In one vein, identifying with Asian Feminist Theology, with the forethought that it must come from women living in or having lived in Asia, could be problematic for first generation, bi-cultured Pinays who face discrimination for not being “Filipino enough” (speaking the language, regular visits to the Philippines) or completely American. Some first generation Pinays may not have ever seen land beyond their own state or country, let alone the Philippines or Asia as a continent.

However, an individual will soon come to understand that Asian Feminist Theology is an open invitation that pushes beyond sweeping terms; it is an arena that intentionally seeks a “multivocal” conversation.13 This conversation can withstand and even welcomes the differences of generation and citizenship. Identity encapsulates much more than birthright. It includes the overlapping layers of family history and migration. For split Filipinas who struggle between the individualistic western culture and the culture that promotes the centrality of family and community, Asian Feminist Theology remedies the notion that Filipinas must be one or the other.

There is no one true identity for first generation Filipinas. They exist on the peripheral, translating their own lives at the connecting door of two worlds. They are not just Asian or just American. They are both and more. Asian Feminist Theology may very well be the most hopeful space a bi-cultured Filipina may find in her efforts to find a place that can hold the natural tension of her duality.

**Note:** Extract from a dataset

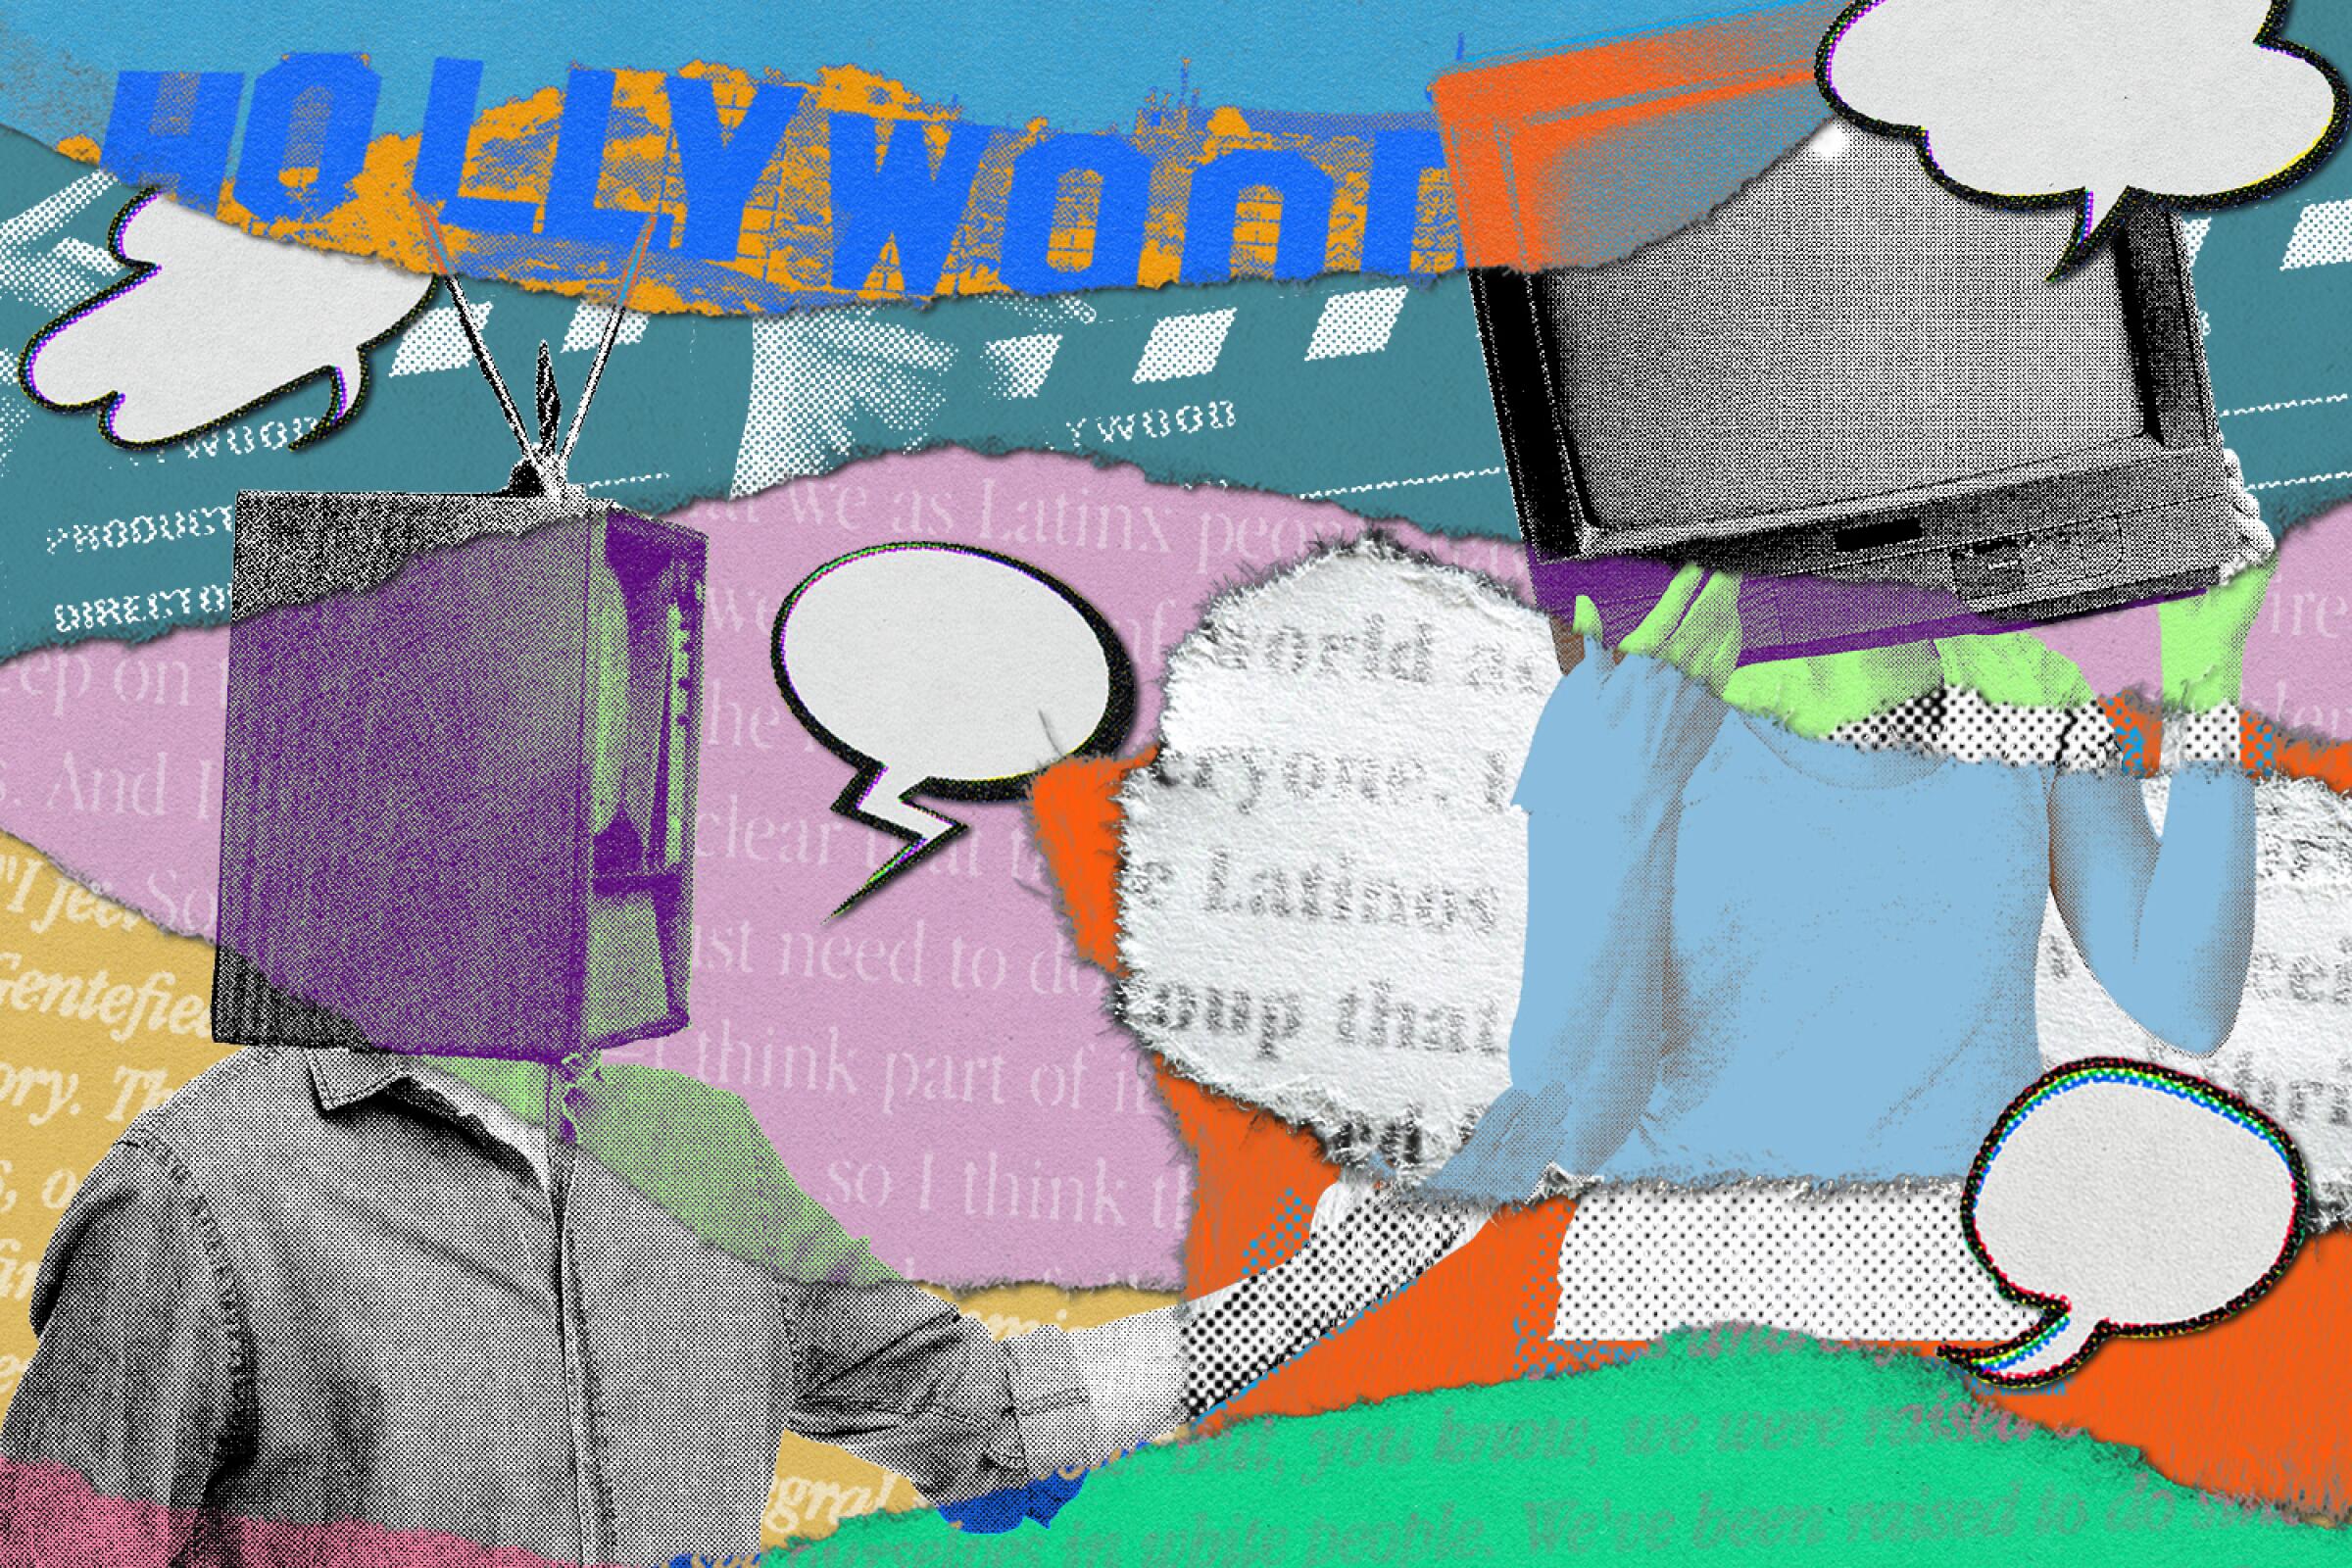 Illustration of different colored paper strips with text on them, the Hollywood sign image and two people with TVs for heads.

In the effort of bi-cultured Pinays to sift through their catholic upbringing in the United States, Asian Feminist Theology stands as a flexible and essential body of re-examination. “Asian feminist theologians find that they have to reinterpret sin and redemption anew in the contemporary context. The traditional emphasis on the individual and spiritual dimension of sin proves to be less than helpful for women. Women are not just sinners; they are the sinned against too.”14

Even though many Filipinas must painfully co-exist with Catholicism and f/peminism, fleeing the Catholic Church is often not a viable or desirable answer. Theologian Rachel Bundang reflects, “I cannot help but see Allan Figueroa Deck’s characterization of Latino theology as similar to my own stance and project. He writes, ‘Among Latinos the unity of the Church does not revolve around the resolution of differences of creed or doctrine…the commitment out of which they write and teach is not so much the confessional…as much as the cultural and social class commitment of their communities, their gente, their pueblos.’”15

F/Peminist theologians must be able to find a place that can hold the exchange, where the goal is not sameness or resolution; where peace is the space that can withstand the action of living in friction. Rachel Bundang asserts, “Theologies and the study of Asian Americans’ religious experiences in the United States are not yet a point where they can even deal with trying to settle on a name like womanist, mujerista, or teologia de conjuto (collaborative Hispanic Protestant theology)…I do not think that naming, in this case, is as important as the struggle to articulate what is yet unspoken, unseen, unknown.”16

Moving the Unknown Forward
What is unspoken, unseen, and unknown is the contemporary spiritual Filipina experience. The American and European feminist movement in the 1970s called for the expansion of the women’s experience by expressing in the written, narrative form. As the attempt to validate Women Studies in the academic realm continues, many have suggested a cease to the narrative, or at least a decrease in using the narrative as a tool for credibility. The narrative, some feminists argue, does not offer empirical data for Women Studies to be deepened or theorized.
The bi-cultured Filipina has yet to be heard, or even asked about her experience. The limited space in which women of color have had for their stories is an outrage and a disservice to all those working on behalf of women’s liberation. Chung Hyun Kyung, an Asian woman theologian, writes, “Throughout my eleven years of theological training, I have written countless term papers and theological essays for highly educated people who were my teachers…I no longer want to write so-called ‘comprehensive’ theology seeking to answer question of privileged Europeans. I want to do theology in solidarity with and in love for my mother so as to resurrect crucified persons – like her – by giving voice to their hurts and pains.”17

According to theologian Rebecca Chop, ‘knowledge is itself always historical, always related to power and interests, and is open to change and transformation.’18 Asian Feminist Theologians argue that because their experiences have been left out of the theological reflection, they must do their own theology.19 For Asian Feminist Theology to advance the narrative cannot be over; it is just beginning.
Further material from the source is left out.